WORK REQUIRED:
Your answer must be an exact copy of the data below, minus any pictures.
+++ DATASET ENTRIES
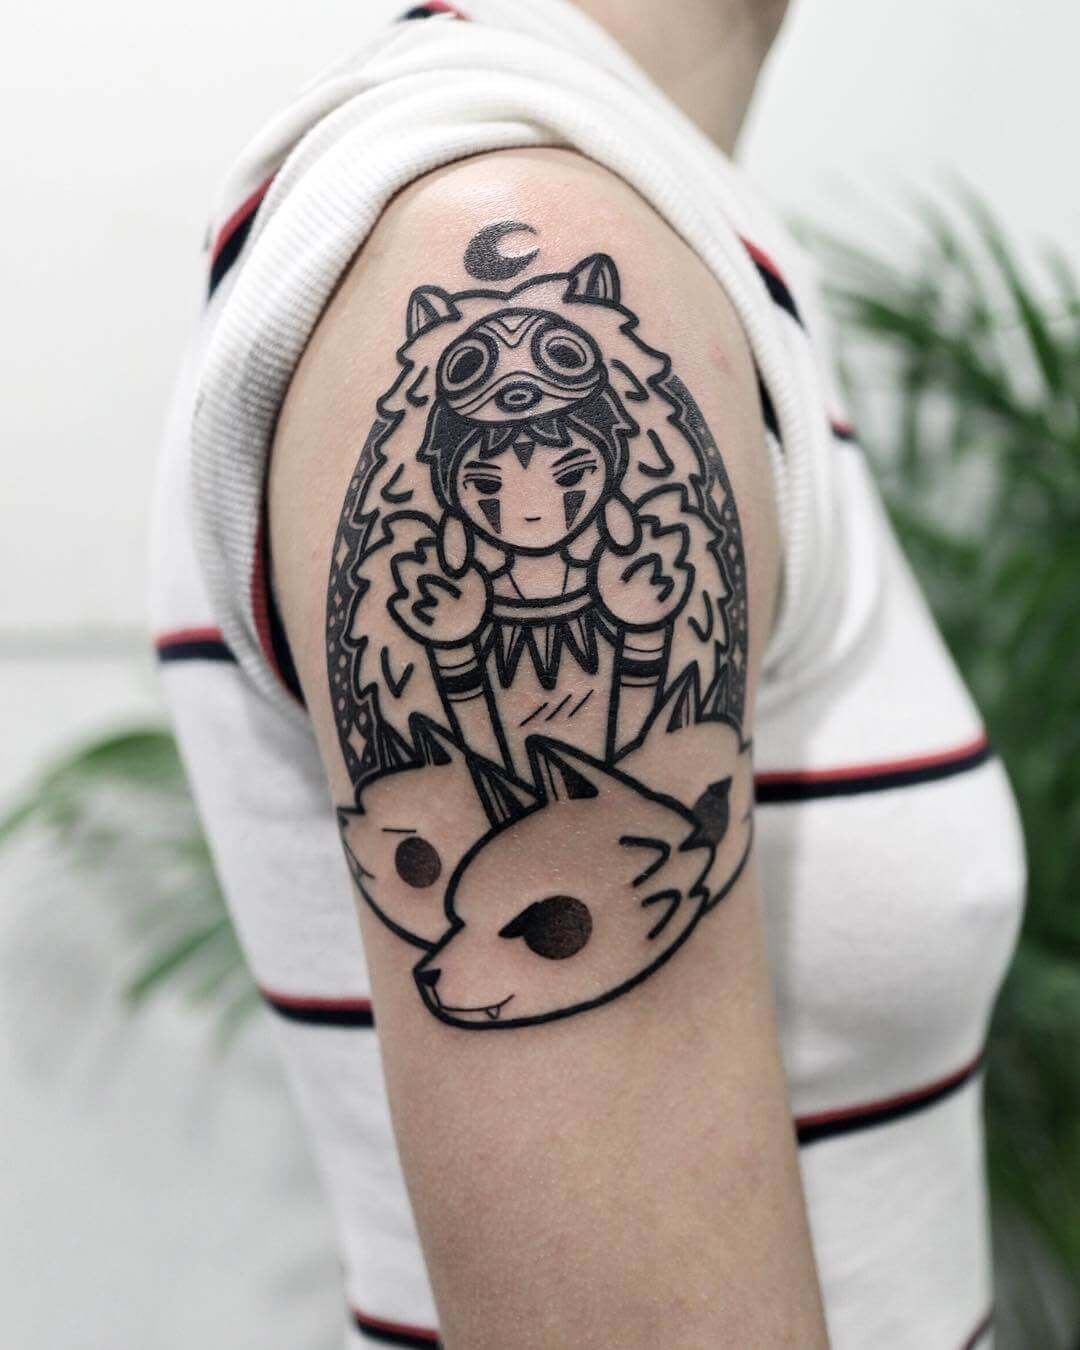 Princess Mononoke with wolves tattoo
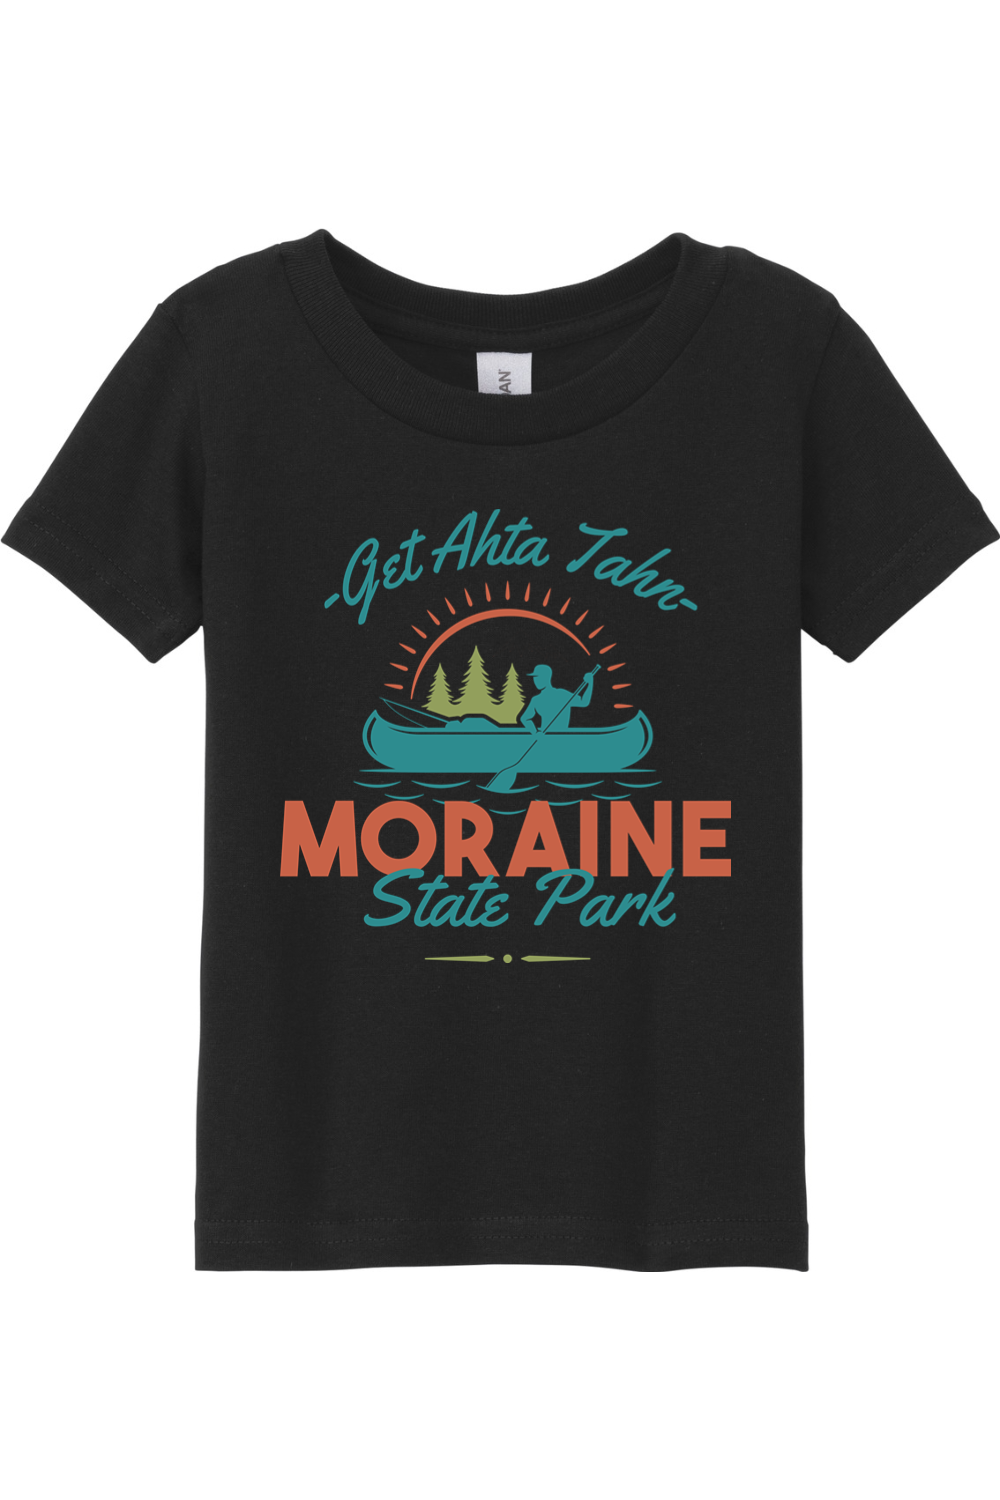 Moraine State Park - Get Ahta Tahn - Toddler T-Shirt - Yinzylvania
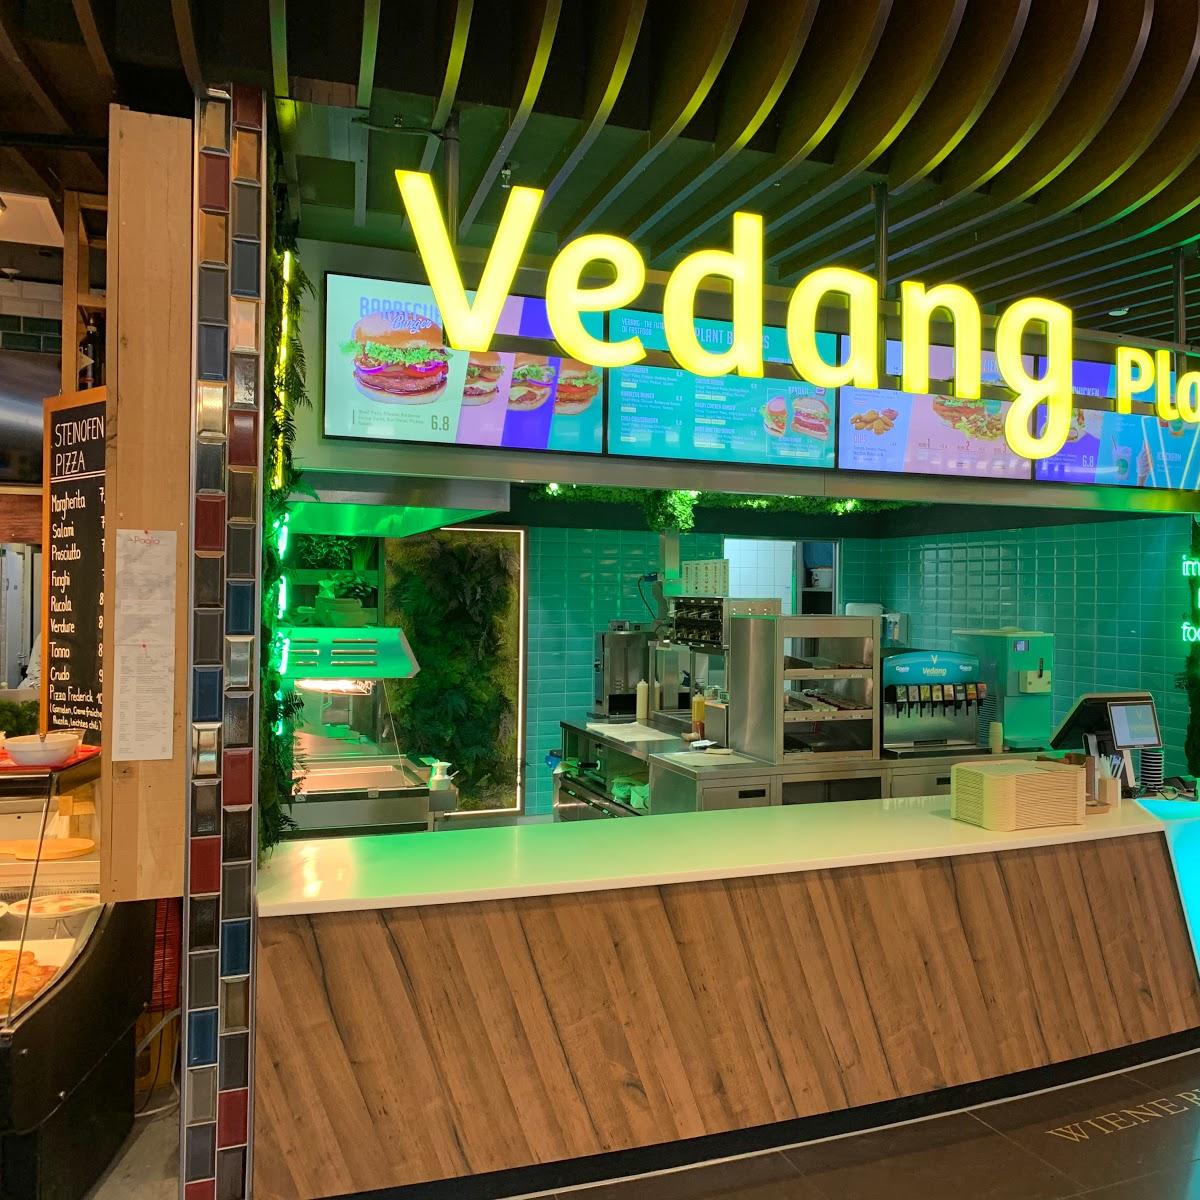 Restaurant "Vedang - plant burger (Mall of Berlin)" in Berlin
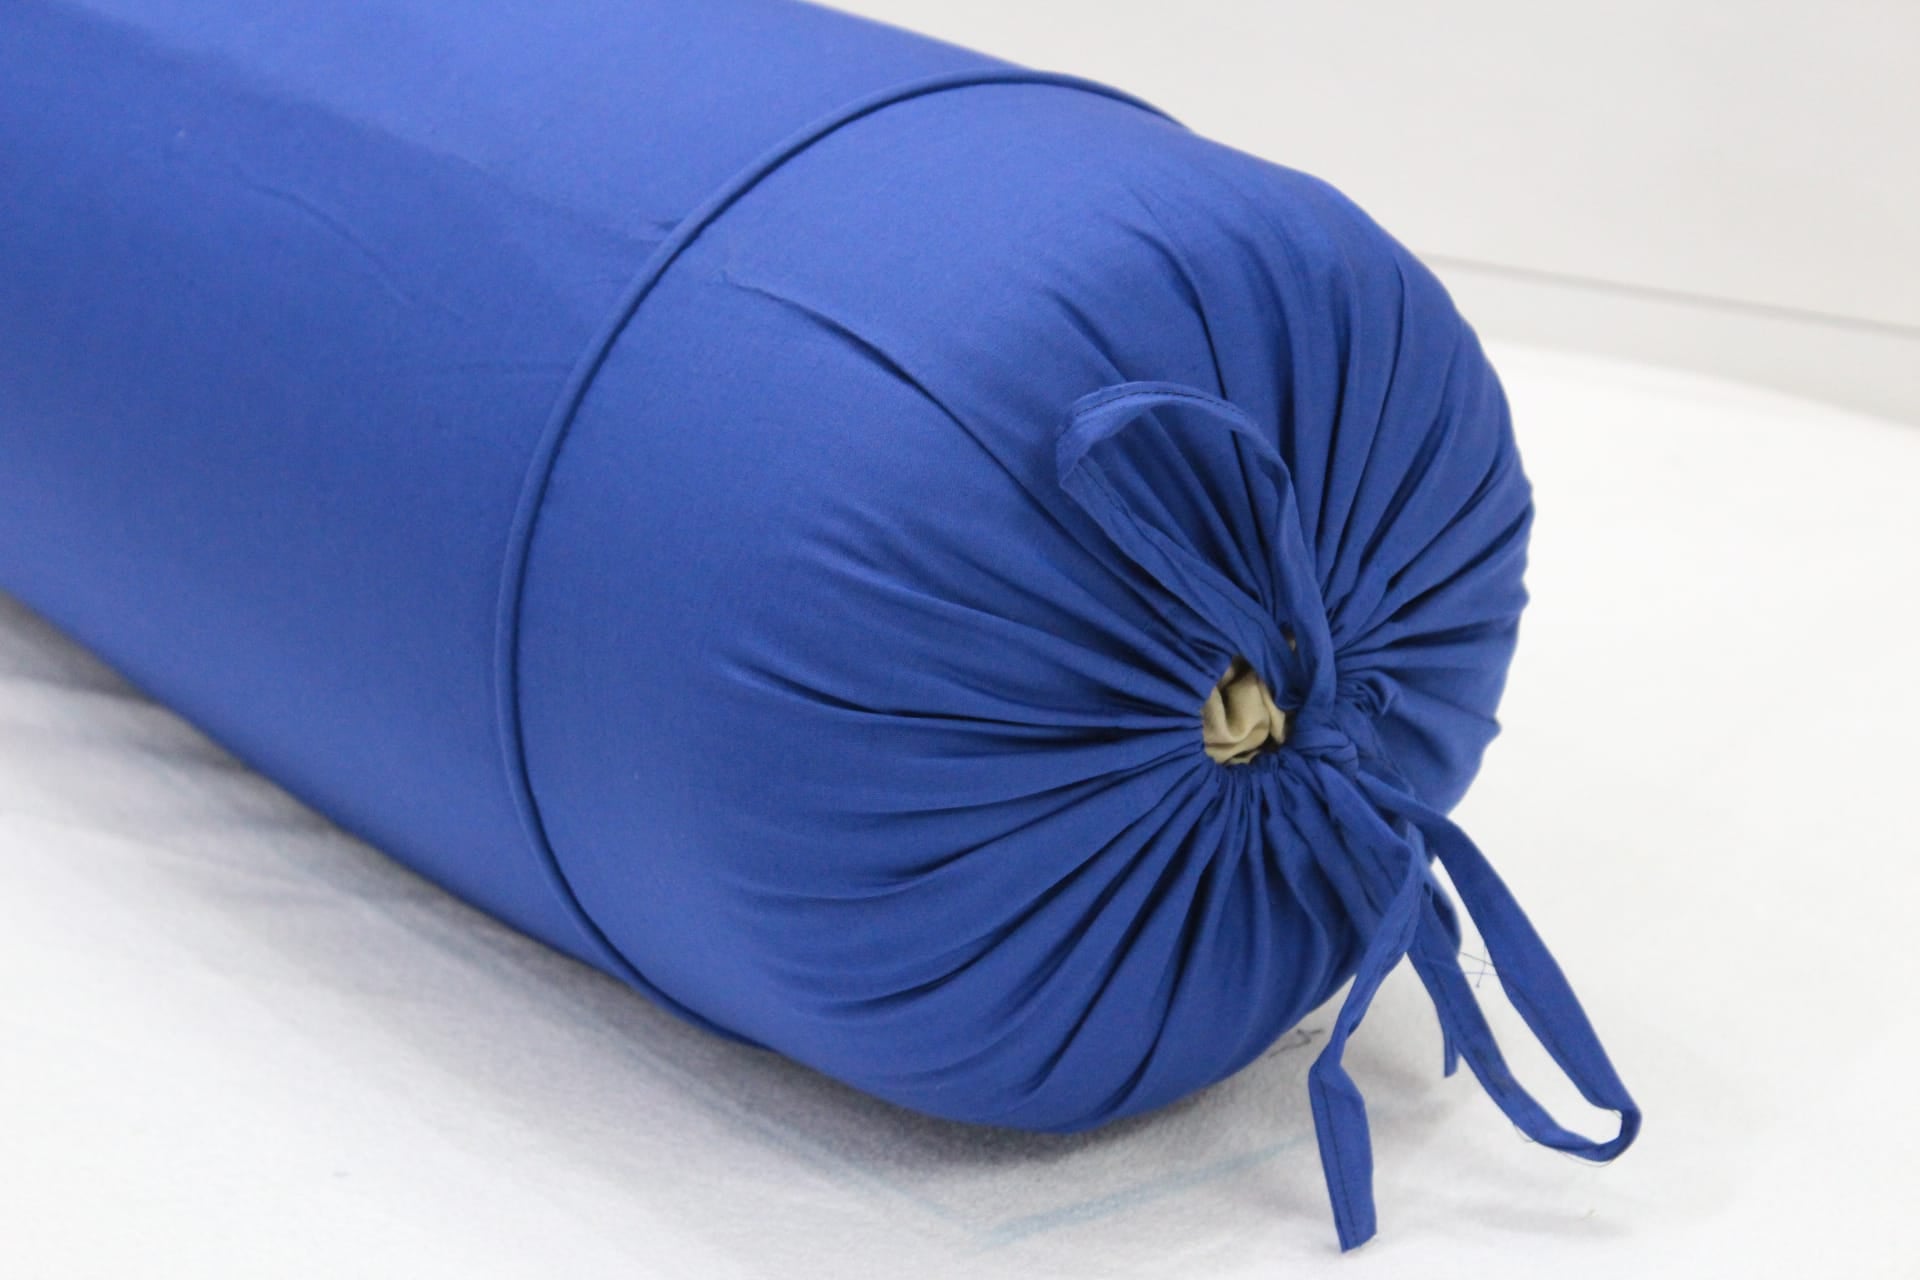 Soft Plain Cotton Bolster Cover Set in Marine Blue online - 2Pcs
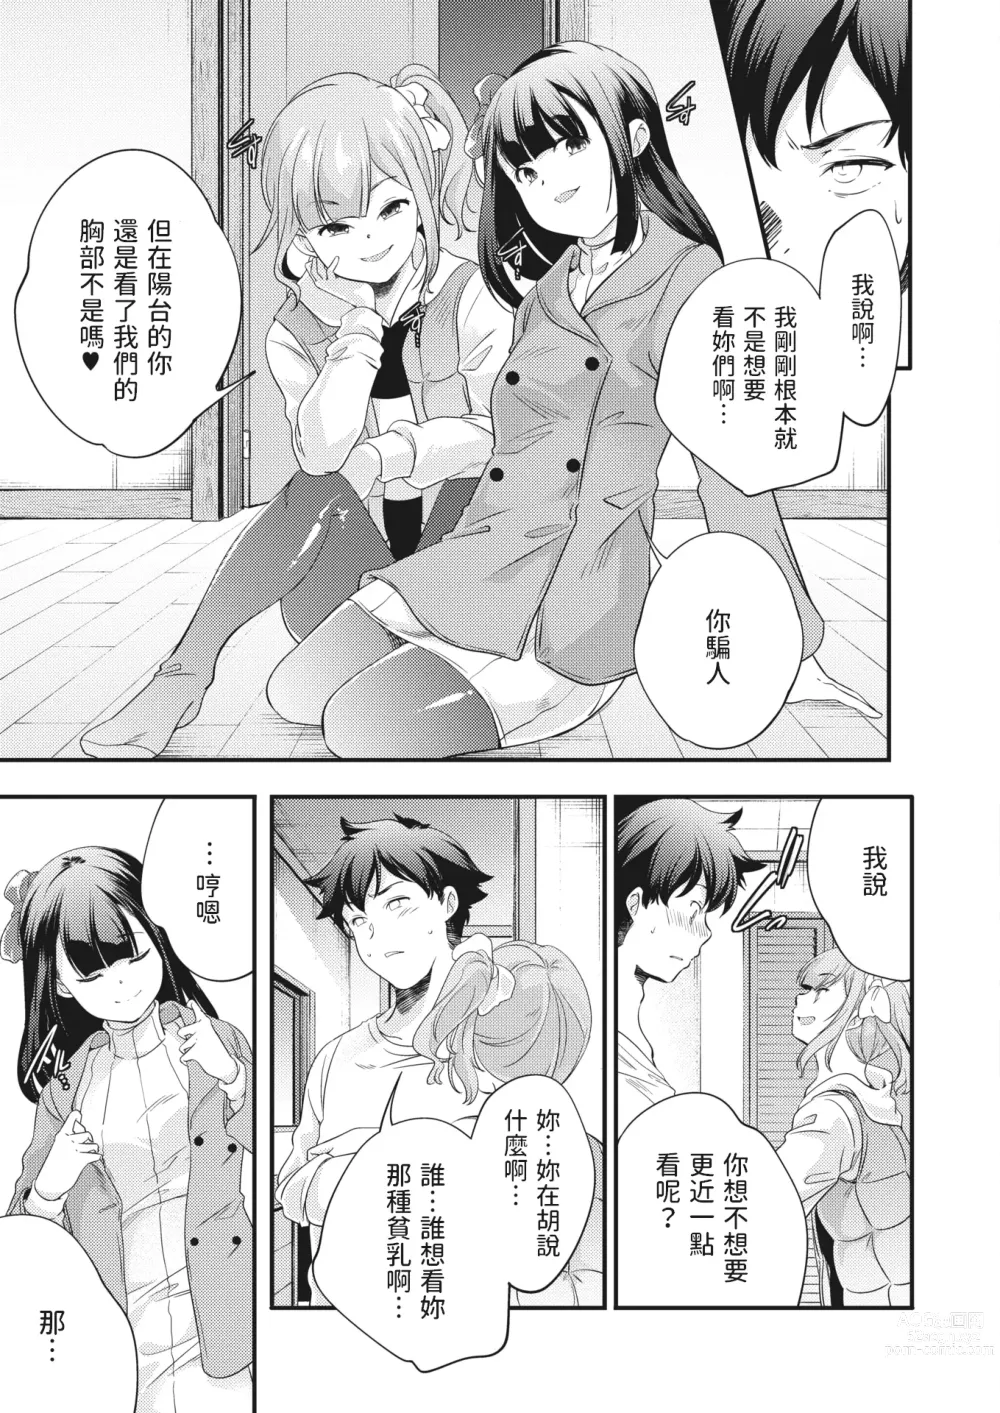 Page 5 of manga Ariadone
++++++
COMPLETED TASK:
 Princess Mononoke with wolves tattoo
 Moraine State Park - Get Ahta Tahn - Toddler T-Shirt - Yinzylvania
 Restaurant "Vedang - plant burger (Mall of Berlin)" in Berlin
 Soft Plain Cotton Bolster Cover Set in Marine Blue online - 2Pcs
 Page 5 of manga Ariadone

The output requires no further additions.